Classification of all genic content and repetitive loci within Vvill1.0 was performed to increase its utility as a genomic resource. A list of canonical V. villosa repetitive elements was generated de novo using the EDTA version 2.0.0 software tool (RRID:SCR_022063) [51] with the “sensitive” setting to enable RepeatModeler (RRID:SCR_015027) recovery of transposable elements. The set of V. villosa canonical repetitive elements was then used as a custom library input to RepeatMasker version 4.0.6 (RRID:SCR_012954) [52], which was in turn used to soft-mask the Vvill1.0 assembly.

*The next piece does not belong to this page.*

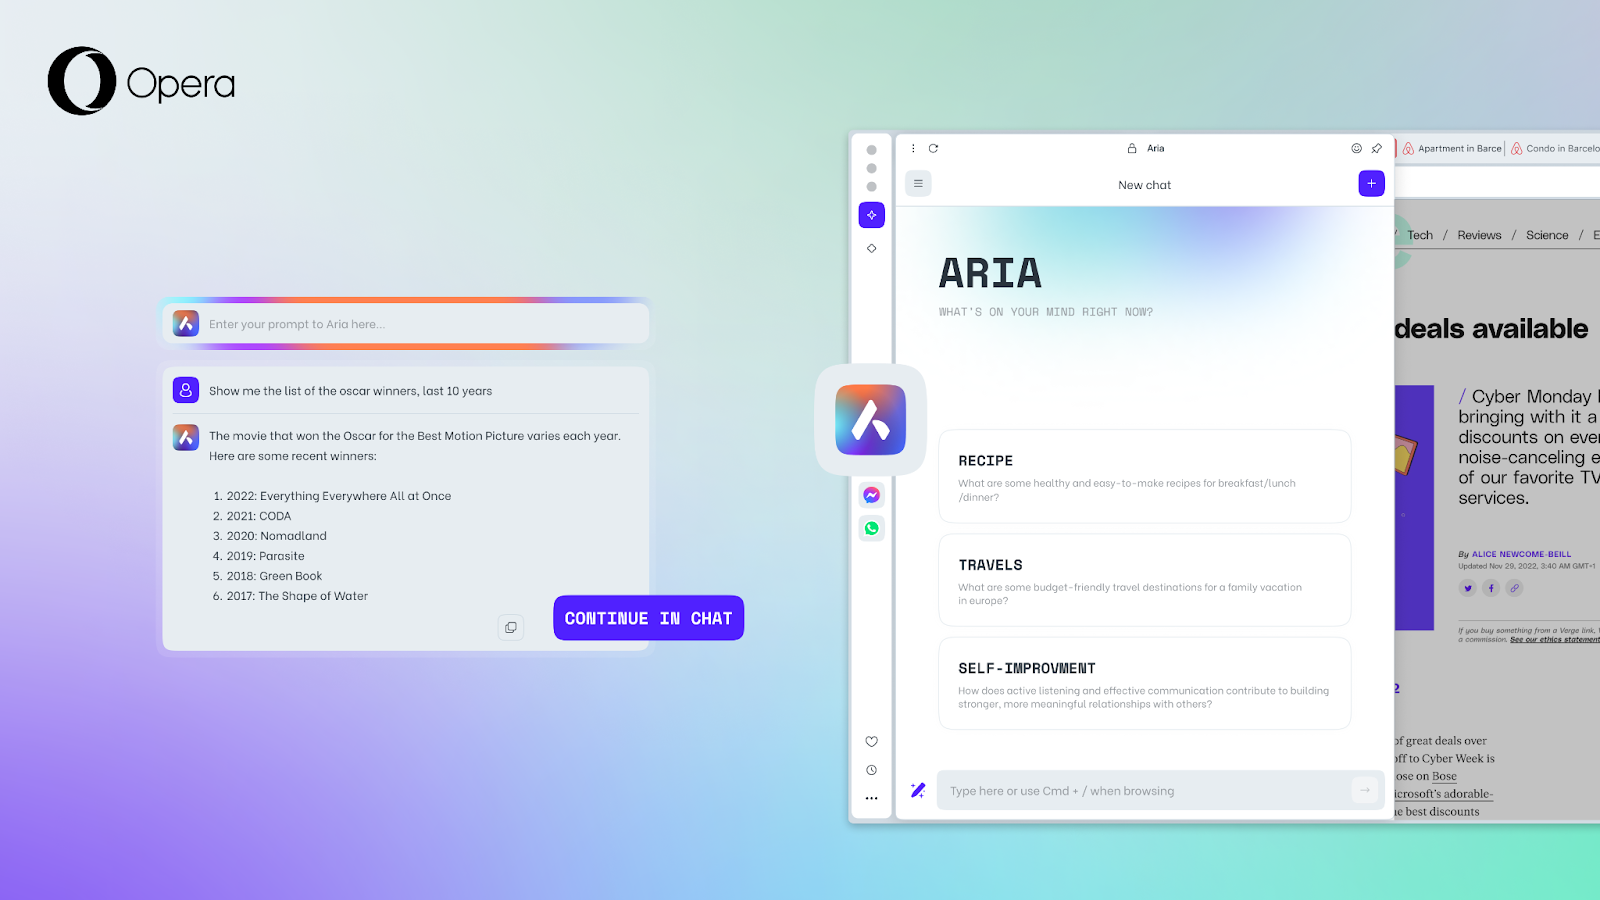 Aria's command Line update makes it possible to stay in the command line. Aria now answers to your queries in the command line itself. You can also click the "continue in chat" button to go to a normal chat with Aria.
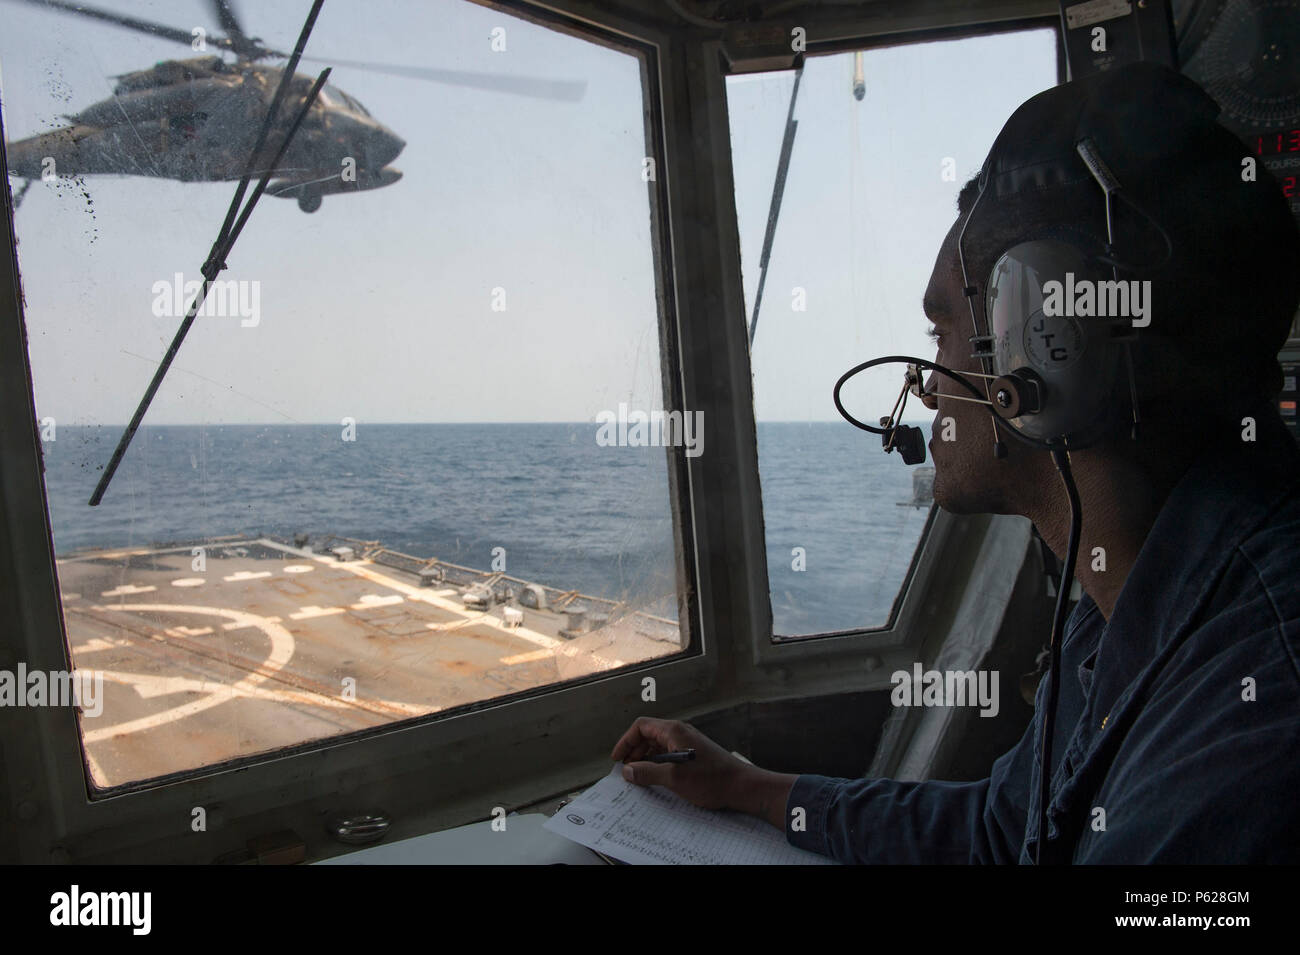 160414-N-MD297-161 PACIFIC OCEAN (April 14, 2016) Lt. j.g. Adam Johnson watches an Army UH-60 Blackhawk helicopter from the 1st Battalion, 228th Aviation Regiment take off from the flight aboard the Arleigh Burke-class guided-missile destroyer USS Lassen (DDG 82) while conducting deck landing qualifications (DLQs). Lassen is currently underway in support of Operation Martillo, a joint operation with the U.S. Coast Guard and partner nations within the 4th Fleet area of responsibility. Operation Martillo is being led by Joint Interagency Task Force South, in support of U.S. Southern Command. (U. Stock Photo

The repetitive content was similar to the V. sativa reference assembly, with 81.1% of the assembly consisting of identified repeats in Vvill1.0 (Table 4), compared to the 83.9% repetitive content in V. sativa. Comparisons of repetitive element lengths revealed few discrepancies in repeat content between the two vetch assemblies with similar distributions of repeat fragment sizes for nearly all classes. A notable discrepancy was identified in the size distributions of miniature inverted-repeat transposable elements (MITE), where larger MITE_DTH and MITE_DTC elements were more prevalent in V. villosa and larger MITE_DTT elements were more prevalent in V. sativa (Figure 8). This suggests that differential expansion and amplification bursts of MITEs may have occurred in both lineages after their divergence.

Table 4.

Repetitive element content of V. villosa.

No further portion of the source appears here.